By the movie’s wrap, only three pristine Christines remained; they went on the road to promote the movie, and were later sold to collectors. A fourth car was saved from the wrecker and purchased by Martin Sanchez.
Mr. King was not entirely accurate; here are some errors about the 1958 Plymouth Fury:
Book: Christine is referred to as a four door.
Fact: The 1956-58 Furys only came as a two-door hardtop, with the four door arriving in 1959. This was fixed in the movie.
Book: Christine is red and white.
Fact: The 1958 Fury only came in buckskin beige with gold trim. However, it is mentioned that she was a special order.
Book: The transmission is called hydramatic.
Fact: That was a GM transmission, Plymouth had the superior TorqueFlite.
Book: One line says, "I saw Christine’s transmission lever suddenly drop into drive."
Fact: The 1958 Plymouths had push button drive.
If you have a copy of the first issue hard cover with the dust jacket, you will find a picture of Mr. King sitting on the hood of a 1957 Plymouth, not a 1958.
In an interview, Mr. King said that he wrote the middle first, then a few years later, wrote the beginning and end. He needed to come up with a car and found Fury the most fitting name, as it denotes intense anger.

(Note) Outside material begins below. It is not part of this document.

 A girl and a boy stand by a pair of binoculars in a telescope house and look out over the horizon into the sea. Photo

Changes made during the adaptation from paper to film included:
Some of these changes may have been done due to time constraints.
by Martin Sanchez
My 1958 Plymouth Fury was one of over twenty cars used in the movie Christine. She was the actual stunt car from the alley scene, chasing Moochie and cornering him in the loading dock. A car with rubber front end parts actually crushed herself into the area to get Moochie — pushed from behind by a bulldozer (edited out later) for the final part of the scene.
My car was the only 3 speed overdrive (manual transmission) in the bunch; the guys on the set forgot and when they went to start her up she was in gear and lunged forward, almost taking out some equipment. “Bad Christine,” they shouted.

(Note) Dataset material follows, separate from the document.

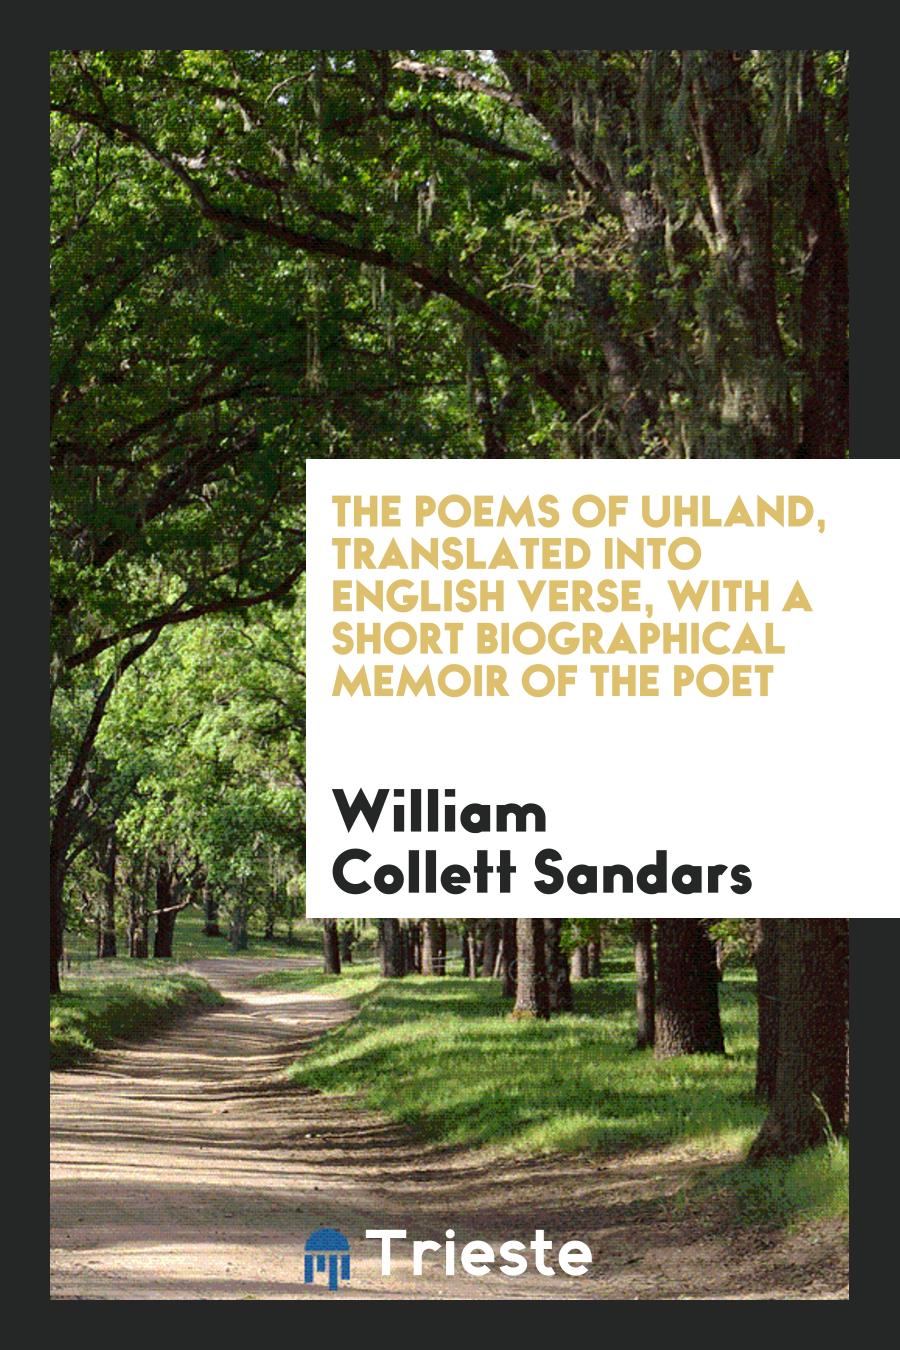 The Poems of Uhland, Translated into English Verse, with a Short Biographical Memoir of the Poet

I bought her 18 years ago (in 1984) from the back lot of a studio in L.A. She was going to be used for a movie called Cat’s Eye, but they found a perfect red and white Belvedere, and this car was to be scrapped. My friend Al Newman from Classic Wheels out of Anaheim informed me that I may be able to save her.
The studio did not want the liability of selling cars to private parties, so he picked her up for parts; I was able to buy her for $900 and flatbedded her home along with boxes of parts. I was also given a script, movie stills, press kit, rubber moldings, fenders, etc. I even found the CQB-241 movie license plate in the trunk.

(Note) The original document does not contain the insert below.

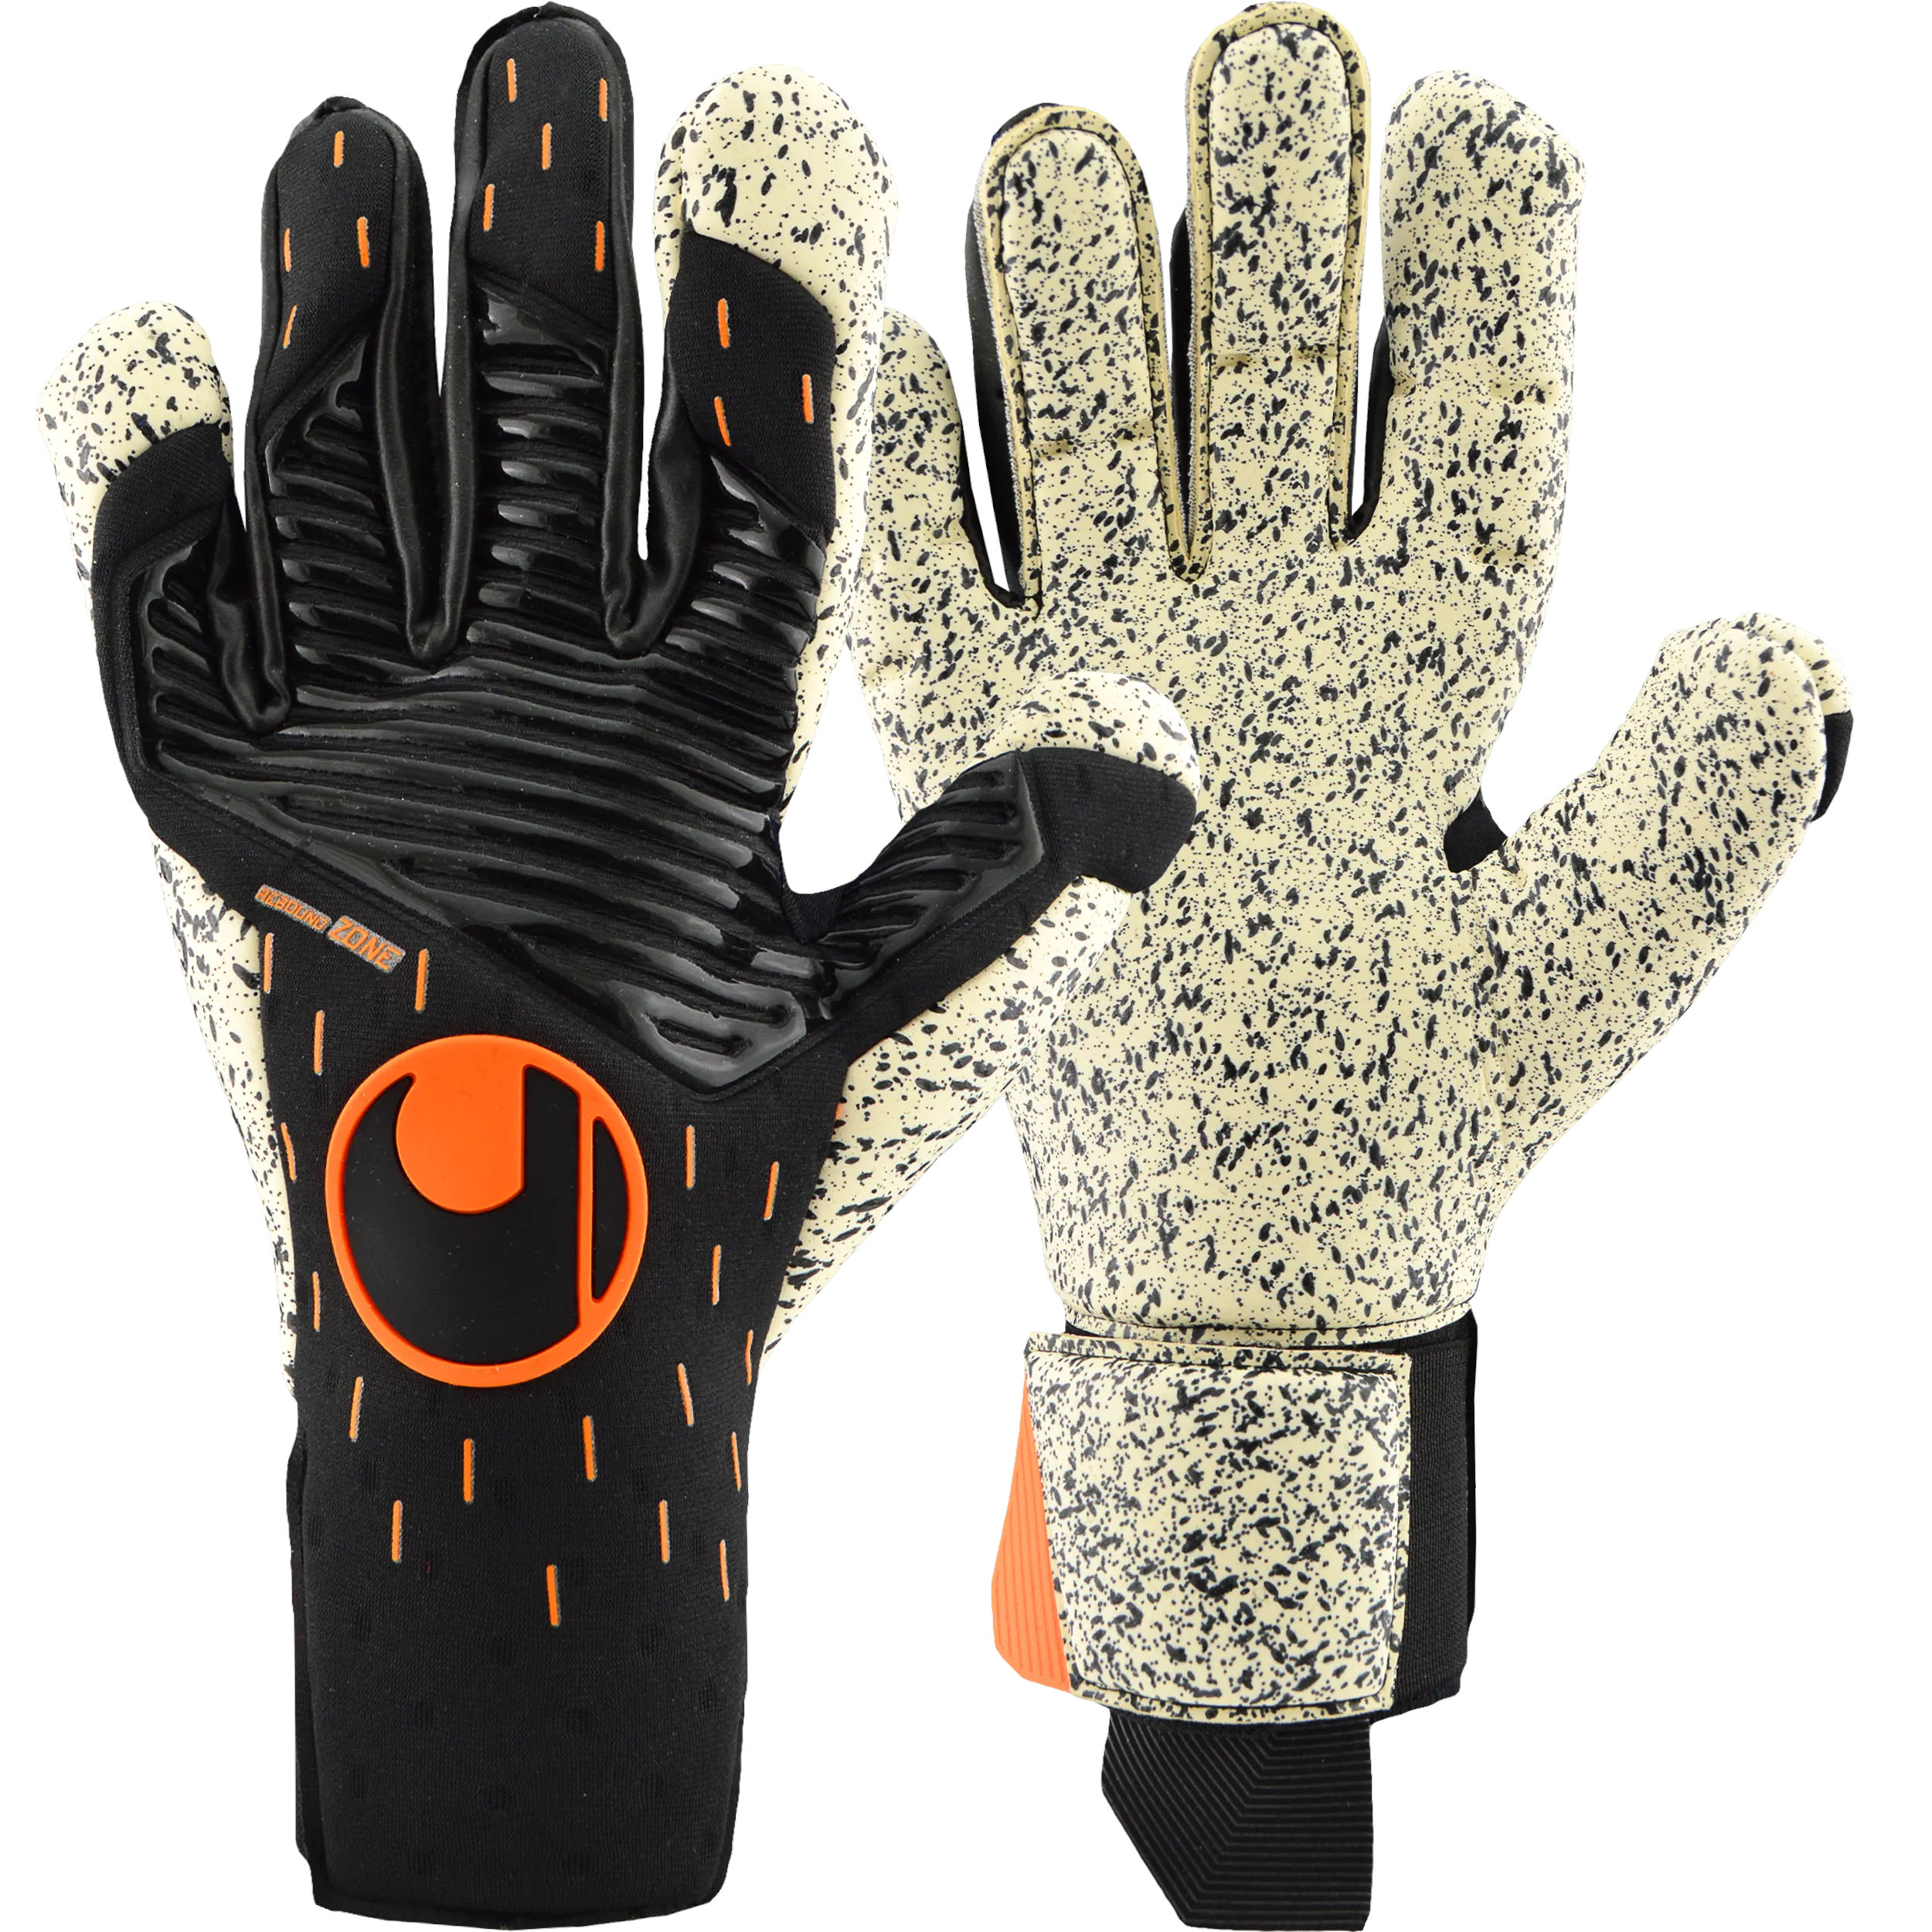 Goalkeeper's gloves Uhlsport Supergrip+ Speed Contact RC

When I bought the car she had no interior, just a roll cage, 5 point harness, and one plastic racing type seat; the windows were all painted black on the inside, except for a small section covered by a patch of black window tint for the stunt man. Most of the “chrome” was rubber or plastic. There were wooden beams between the firewall and front core support; the radiator was mounted in the trunk so that in crash scenes the radiator fluid would not spill out.
Running cars were labeled “Muscle one,” “Muscle two,” etc. My car had “Muscle two” on the underside of the hood (the non-runners were pulled on dollies). I was allowed to go into Bill and Ed’s Auto Wrecking in Fontana California to get parts from the others.
Ironically, like Arnie, I was able to pull parts off the wrecked cars. Most of my front and rear stainless came from the burn car (they had poured rubber cement all over the car and set it on fire). The Sport Line trim came from some of the ram cars, and out of the 1957 and 1958 Belvederes in the yard I was able to put the interior together.
I was 20 years old when I found Christine and put her back together. I did not set out to build a show car, just a nice driver, and she is still running and looking good after 18 years.